Quando Mahendra Pandey era un adolescente, ha viaggiato dal suo paese d’origine, il Nepal, all’Arabia Saudita per lavoro. Ha detto che il suo passaporto è stato confiscato all’arrivo ed è stato costretto a lavorare fino alla scadenza del suo contratto di tre anni. Oggi, più di 20 anni dopo, Pandey lavora come senior manager del lavoro forzato e della tratta di esseri umani presso Humanity United, un’organizzazione filantropica focalizzata sulla lotta al lavoro forzato, e sta cercando che le aziende facciano la loro parte.

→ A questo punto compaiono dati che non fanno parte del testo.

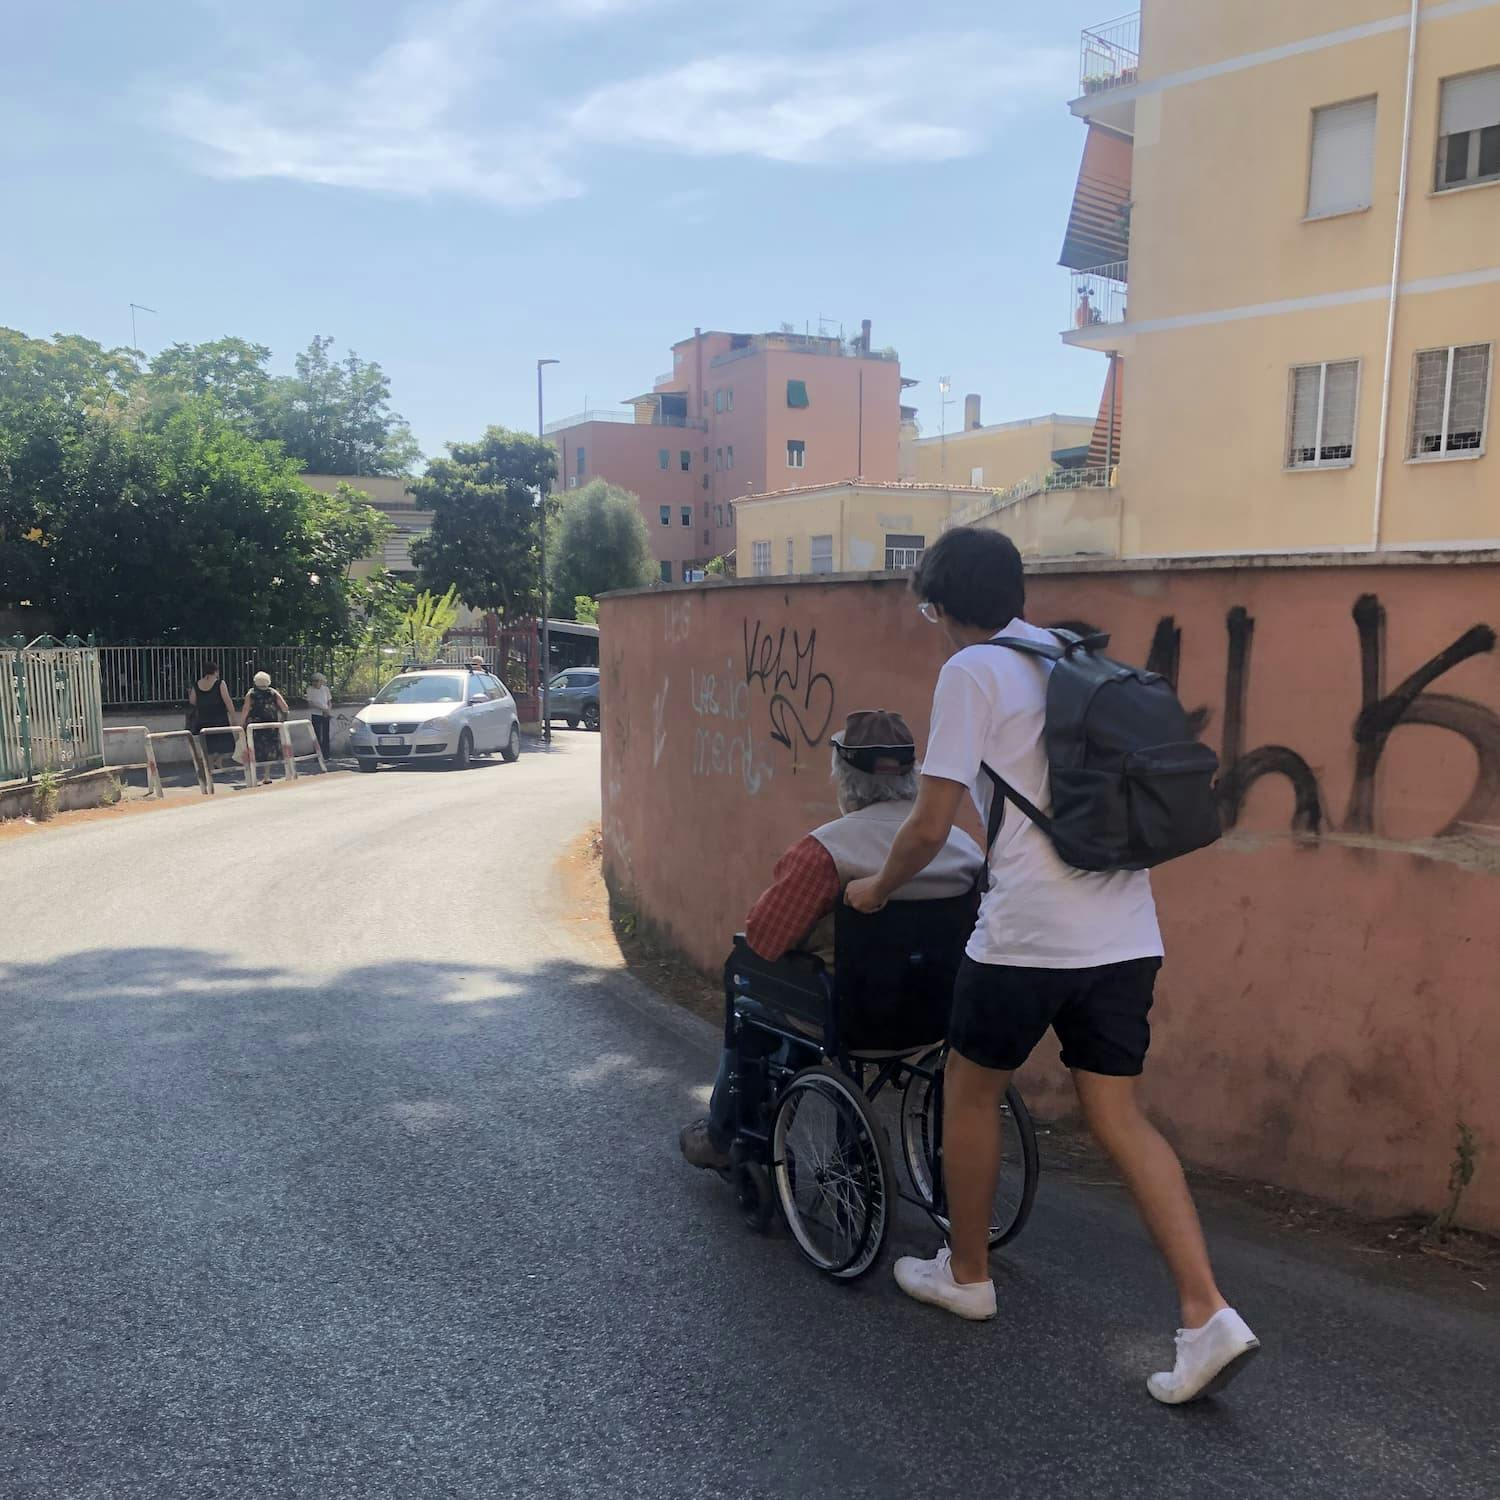 Luca helping an older gentleman in a wheelchair get to his destination

“Quando parliamo di questo, parliamo con persone sostenibili che siedono a Londra o New York City e che hanno lauree a Princeton e Harvard, ma quelle persone non dicono ai supervisori e ai direttori di fabbrica in Malesia cosa deve cambiare”, ha disse. “C’è un enorme divario.”
Il lavoro forzato rientra nella questione più generale della schiavitù moderna. Secondo l’Organizzazione internazionale del lavoro, qualsiasi situazione in cui un individuo è costretto a svolgere un lavoro che non ha accettato, a causa della tratta di esseri umani o perché un individuo dipende dal proprio “datore di lavoro” per cibo e alloggio, conta come schiavitù moderna.

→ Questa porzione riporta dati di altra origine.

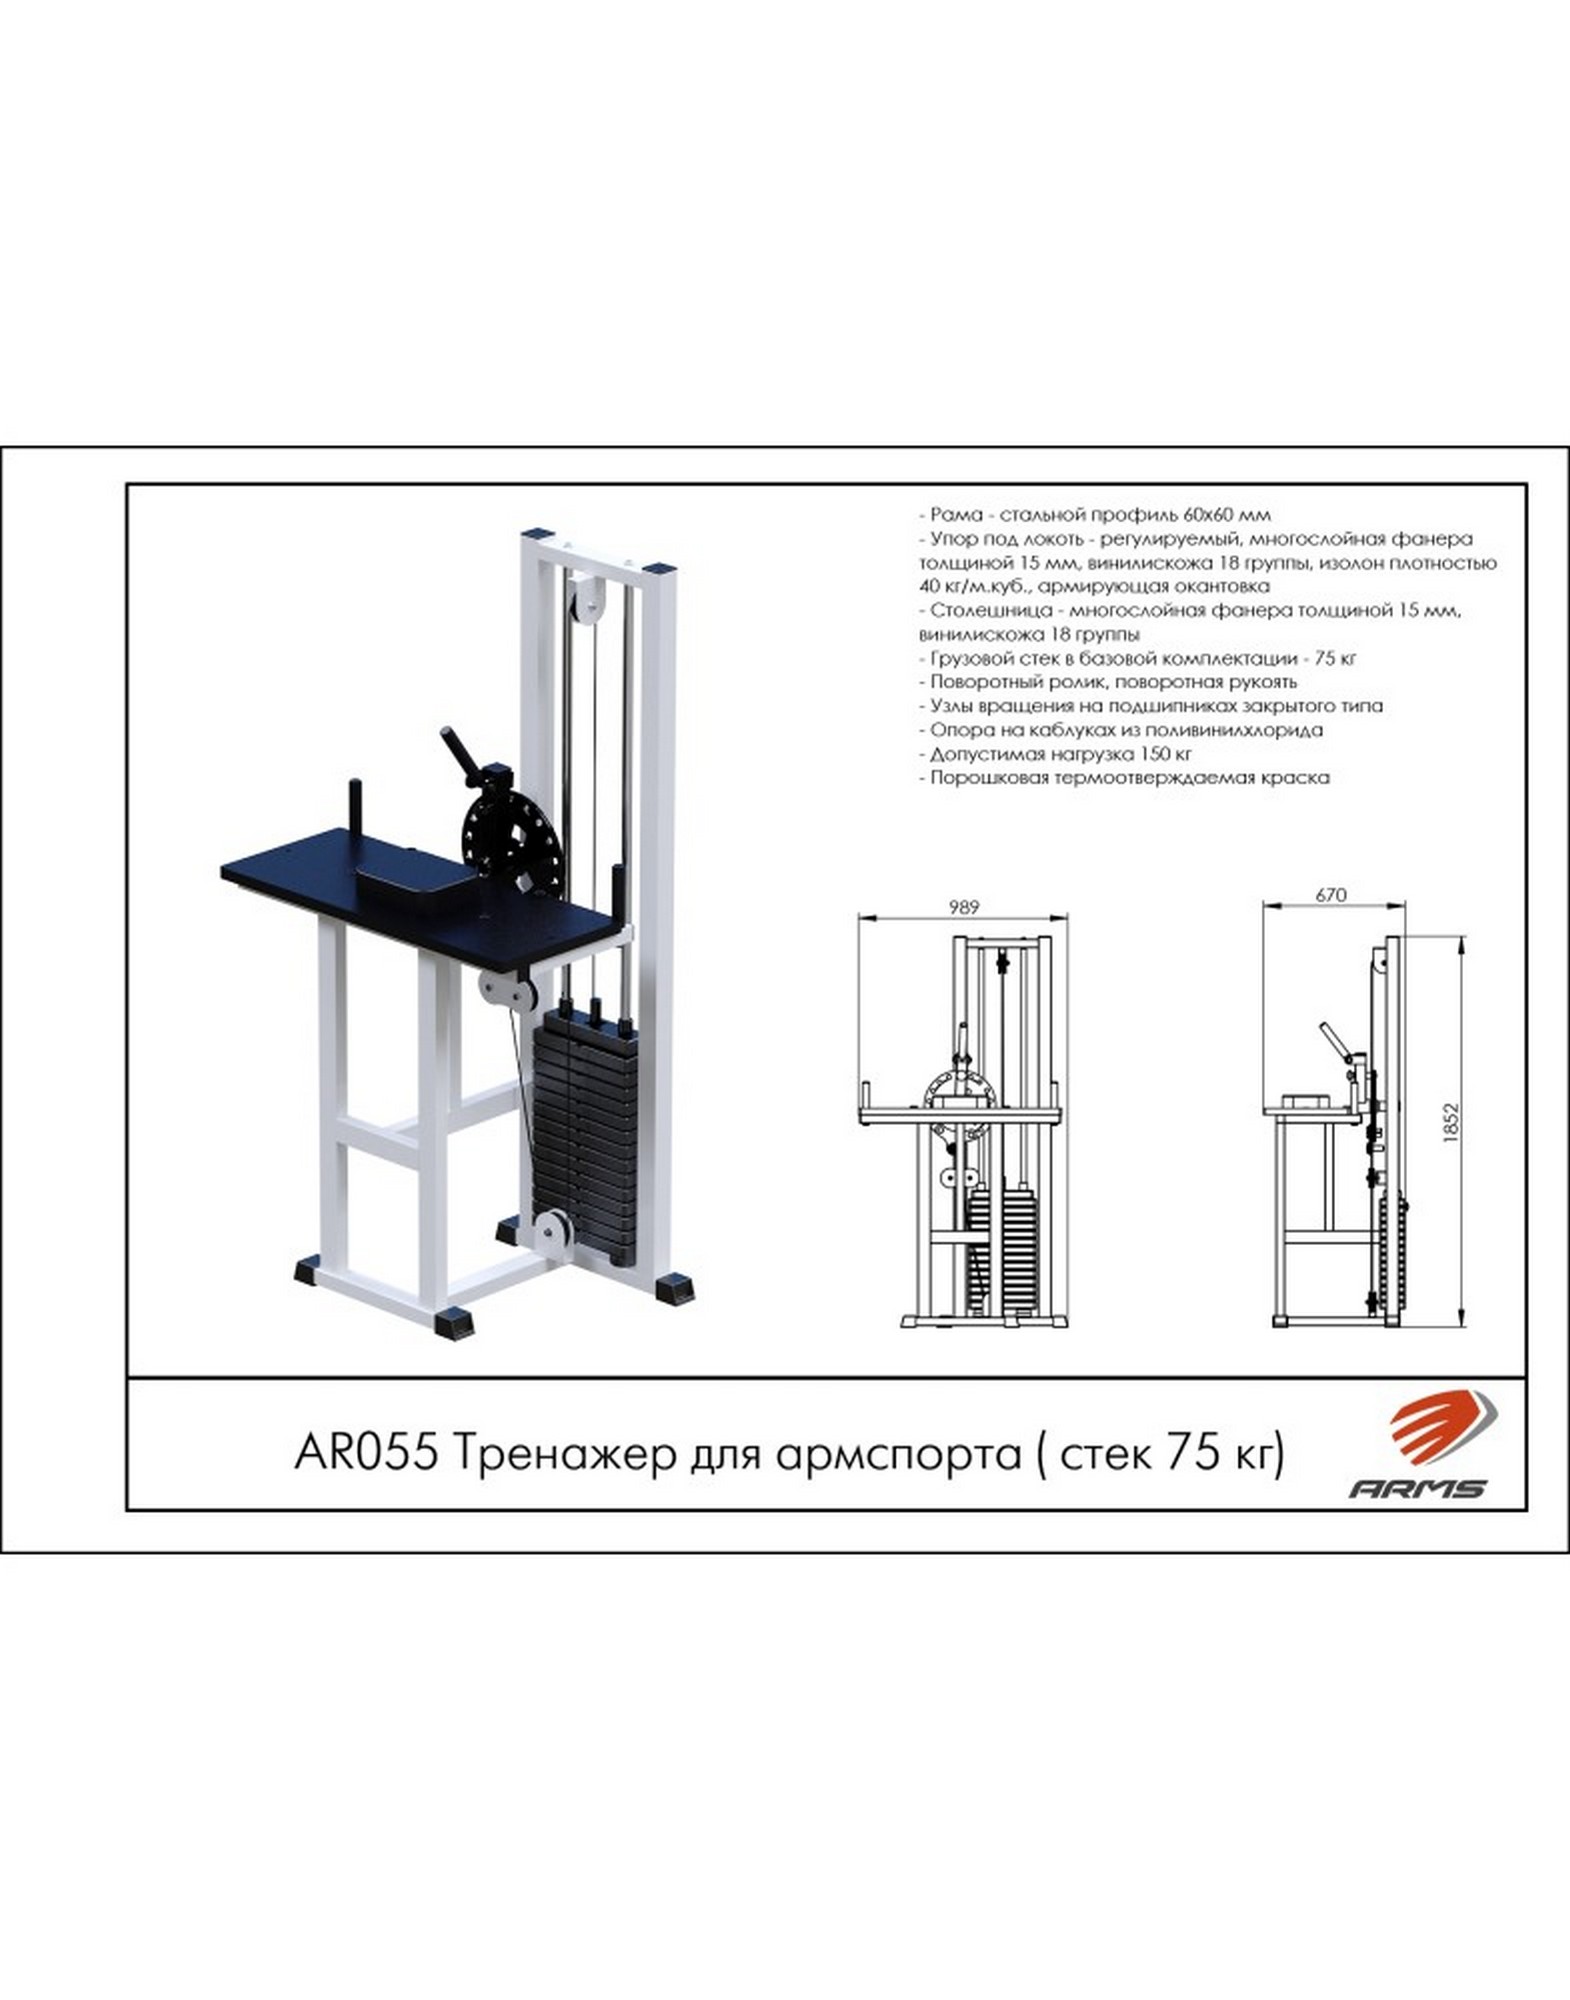 Тренажер для армспорта ARMS (стек 75кг) AR055 1570_2000

Il cambiamento climatico è una delle principali cause di migrazione e sfollamento umano, che mette milioni di persone a rischio di tratta. Disastri climatici improvvisi come tsunami e uragani sradicano le persone dalle loro case e comunità, mentre cambiamenti più graduali come l’aumento delle temperature causano siccità e carenze alimentari che richiedono alle persone di andare altrove per sopravvivere. Tuttavia, le nostre soluzioni alla crisi possono anche aumentare il rischio di schiavitù moderna, secondo un recente rapporto del gruppo internazionale per i diritti umani Walk Free.
Una politica è davvero un buon inizio, ma è inutile se non viene implementata e se non si sa dove sono i problemi.
L’analisi Walk Free, il quinto Global Slavery Index pubblicato dal gruppo, suggerisce che i paesi del G20 stanno importando 14,8 miliardi di dollari in pannelli solari che potrebbero essere stati realizzati con il lavoro forzato. Ciò rende i pannelli solari il quarto valore più alto di tutti i prodotti a rischio per la prima volta dopo l’elettronica, gli indumenti e l’olio di palma.
Molte aziende di energia rinnovabile hanno pubblicato politiche anti-schiavitù moderne che non prevedono alcuna tolleranza per il lavoro forzato. Ad esempio, la società britannica di pannelli solari Ripple Energy afferma sul suo sito Web di essere “pienamente impegnata” a prevenire la schiavitù e il traffico di esseri umani nella sua catena di approvvigionamento. L’azienda conduce valutazioni del rischio dei fornitori e considera il rischio nei paesi in cui si rifornisce di materiali e prodotti, secondo la dichiarazione.
La società di veicoli elettrici Tesla, che non ha risposto alle richieste di commenti, ha pubblicato una politica che mostra “l’approccio di tolleranza zero alla schiavitù moderna”. La società ha affermato di garantire che i lavoratori non vengano sfruttati attraverso un processo di due diligence.
Diverse altre società di energia solare e veicoli elettrici non hanno risposto alle richieste di maggiori dettagli su come applicano le loro politiche contro la schiavitù moderna.
I limiti della regolamentazione della filiera
Sebbene molte aziende abbiano dichiarazioni anti-schiavitù moderne sul proprio sito Web, tali dichiarazioni non spiegano i metodi utilizzati o le risorse assegnate per controllare le loro catene di approvvigionamento.
“Una politica è davvero un buon inizio, ma è inutile se non viene implementata e se non si sa dove sono i problemi”, ha affermato Serena Grant, responsabile del coinvolgimento aziendale di Walk Free. “Non puoi semplicemente averlo sul tuo sito web. Devi fare una valutazione del rischio e condurre una due diligence.”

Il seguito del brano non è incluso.